[DATASET EXTRACT]

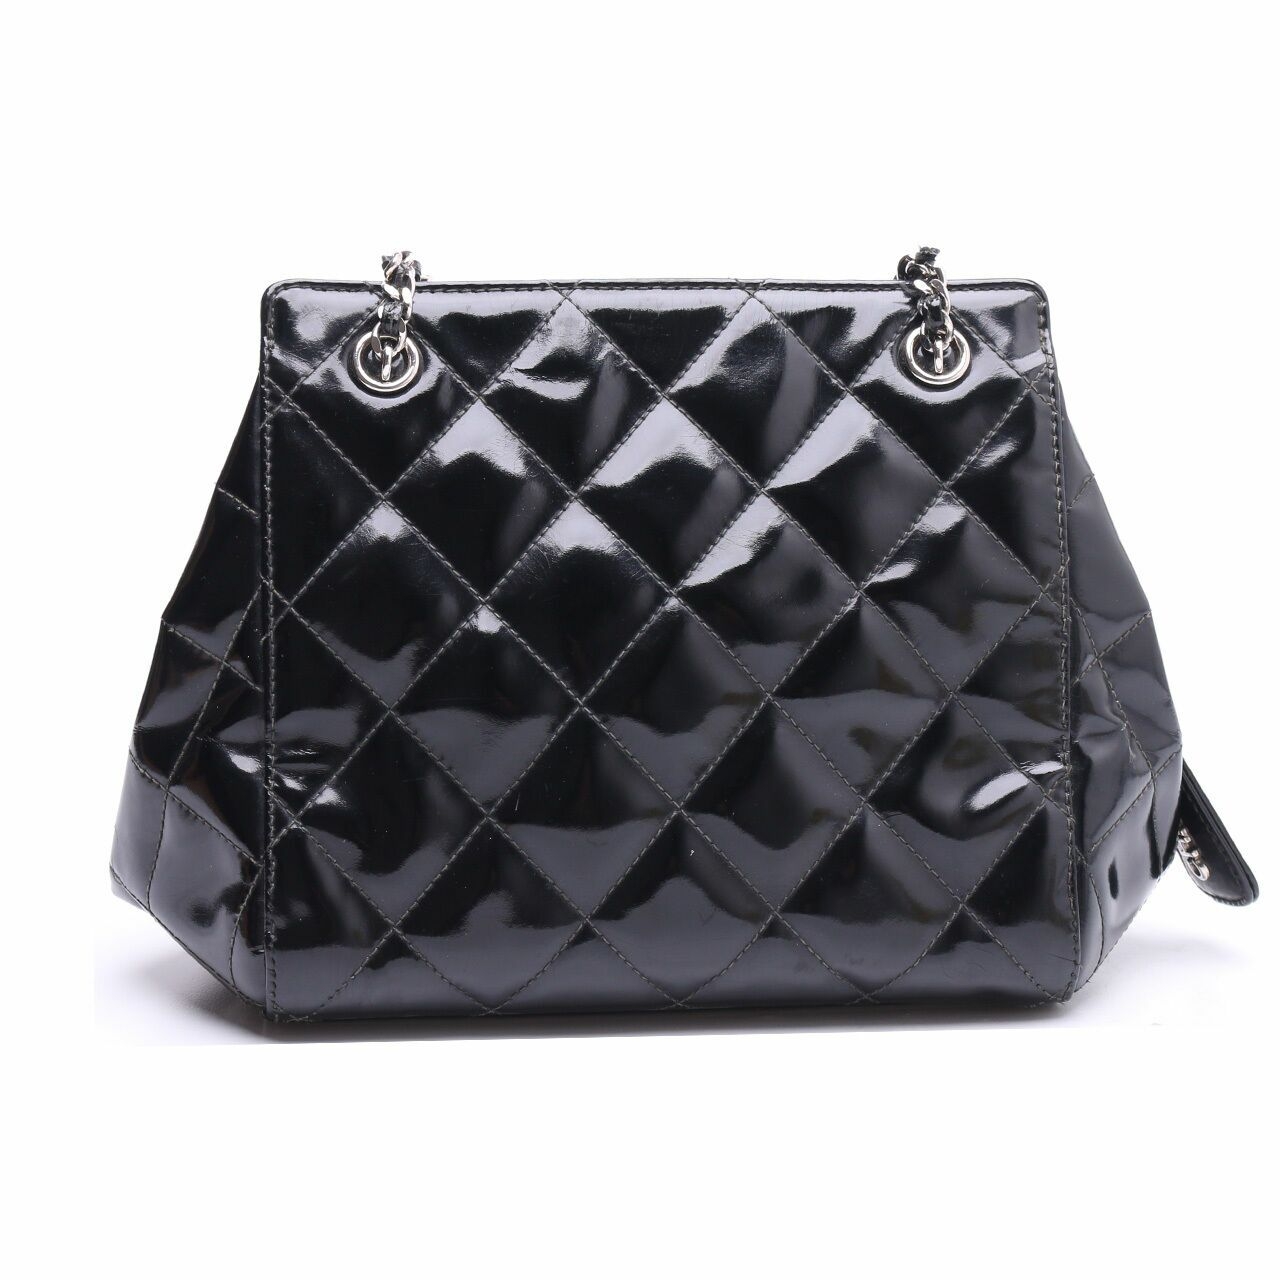 Chanel Quilted Black Patent Leather Sling Bag
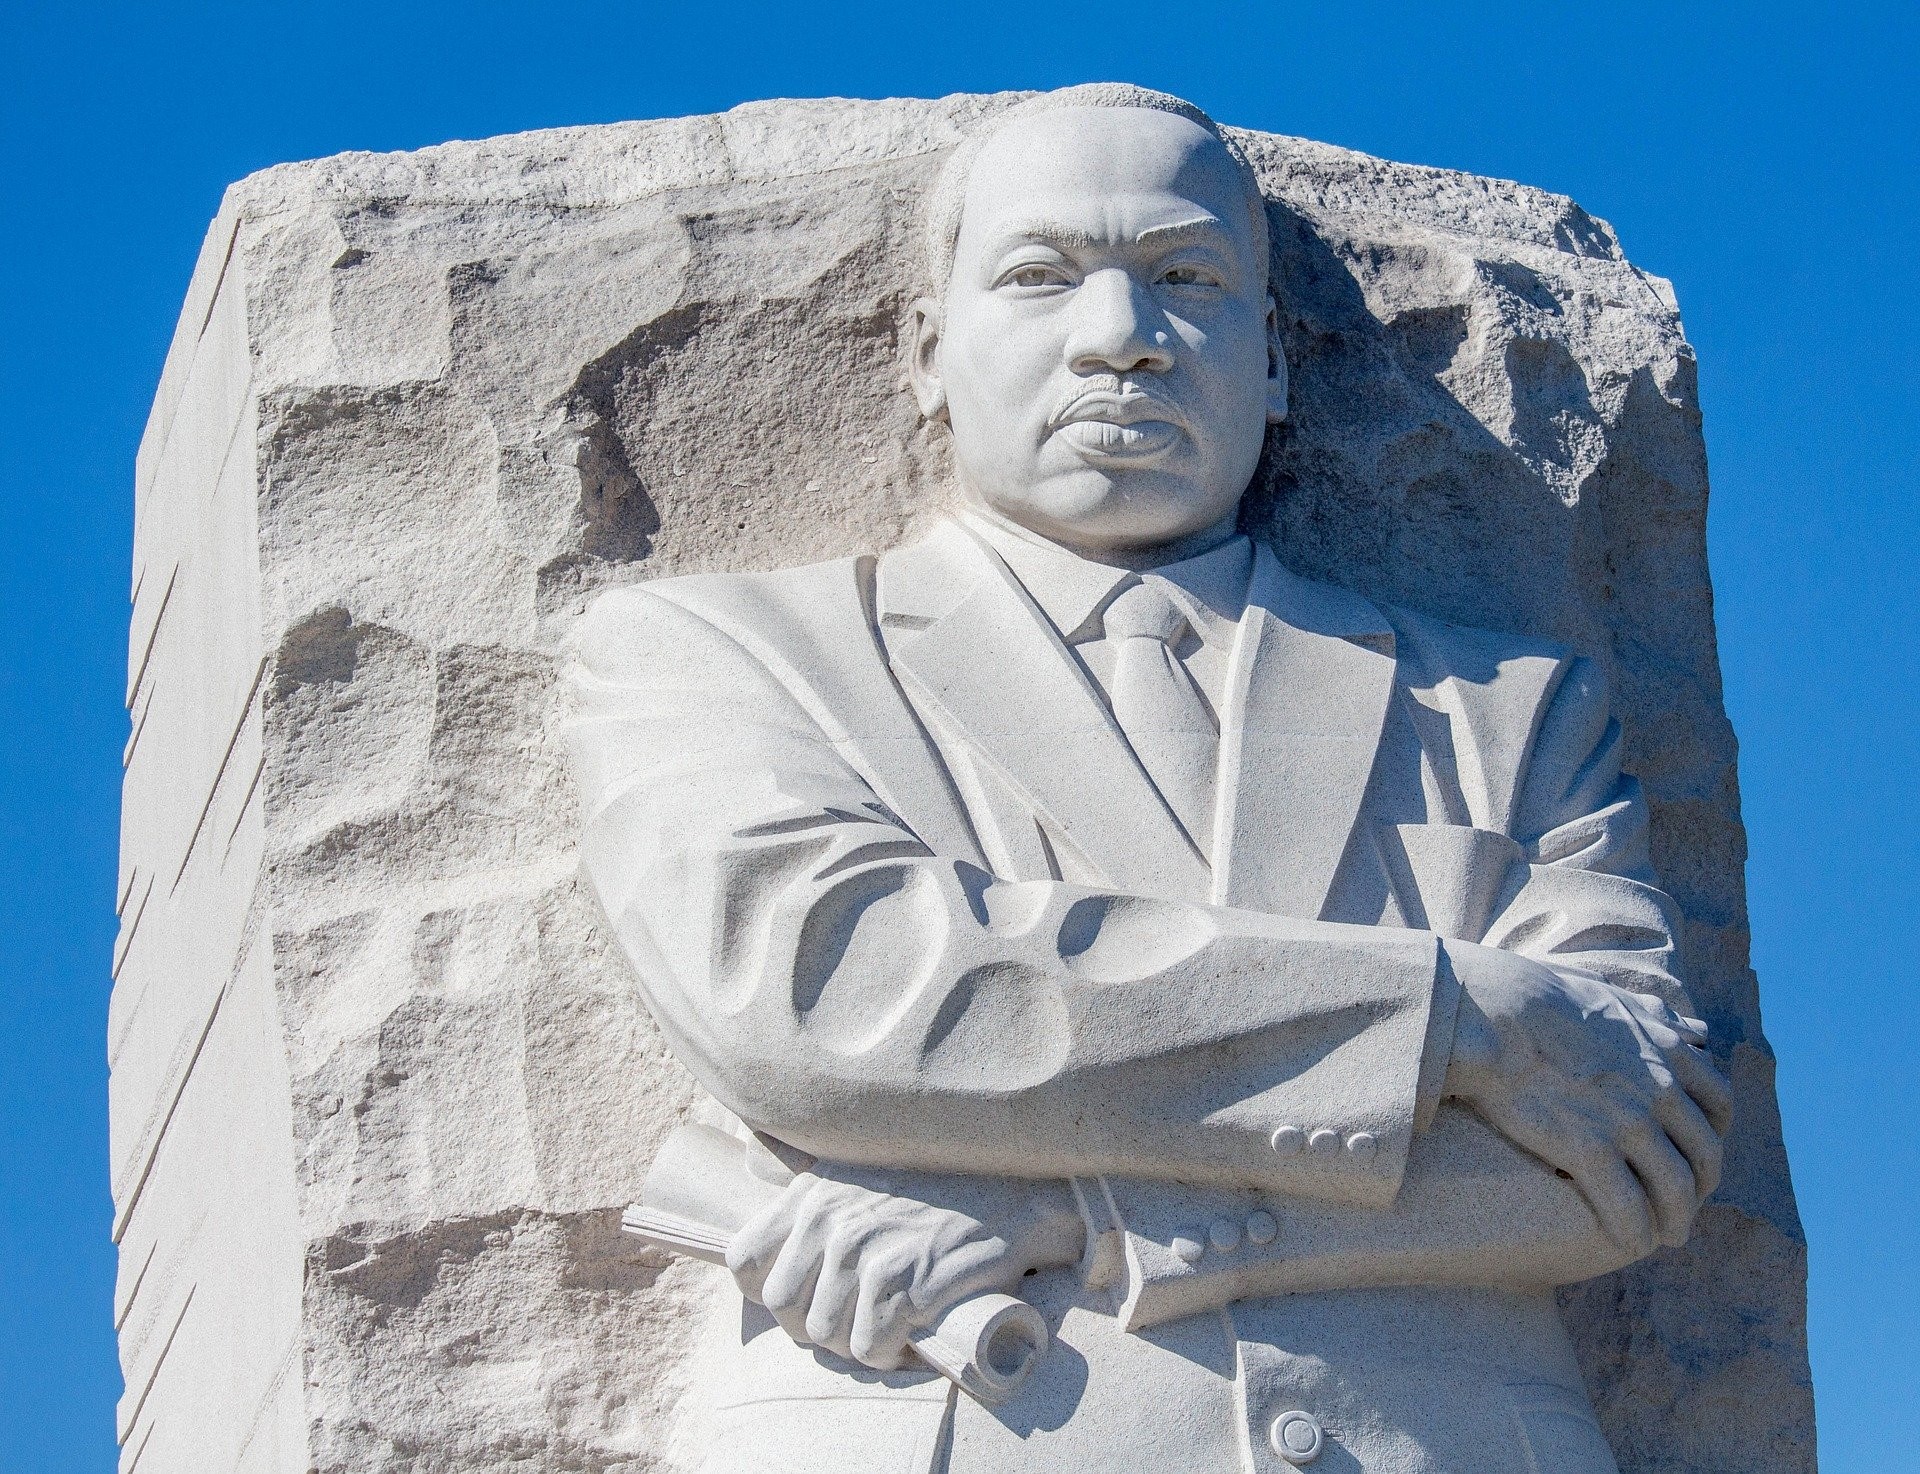 Honoring Dr. King’s Legacy Through Service
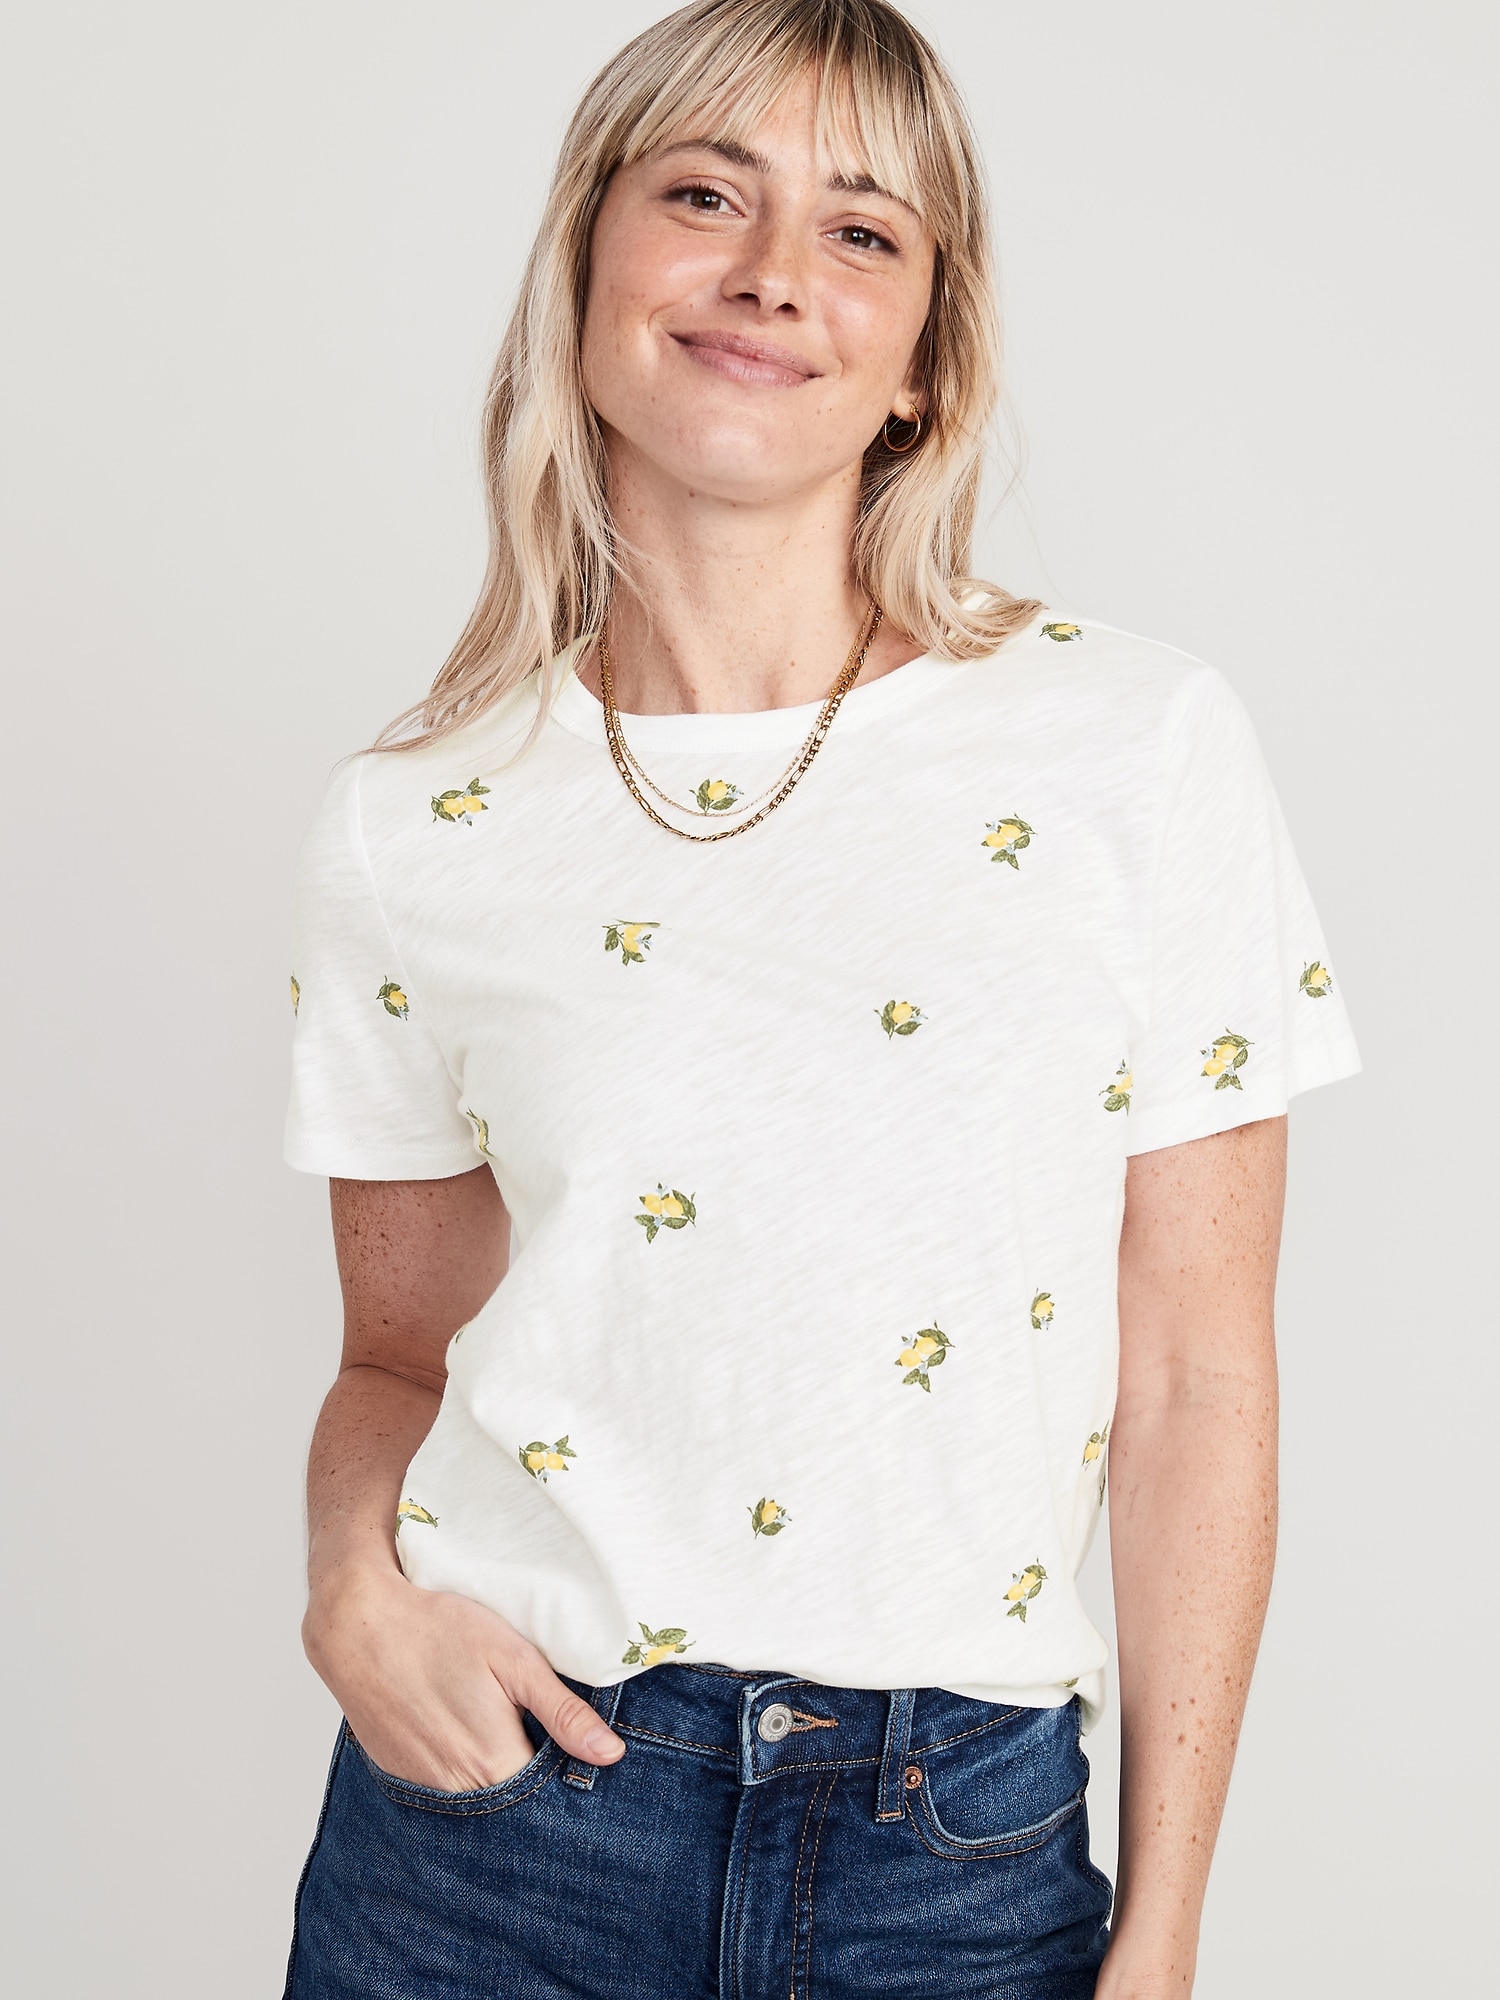 Old Navy EveryWear Crew-Neck Printed T-Shirt for Women yellow. 1

[THE TASK] Set the entire listing down again, exact in every line, without any pictures.

[TASK RESULT]
 Chanel Quilted Black Patent Leather Sling Bag
 Honoring Dr. King’s Legacy Through Service
 Old Navy EveryWear Crew-Neck Printed T-Shirt for Women yellow. 1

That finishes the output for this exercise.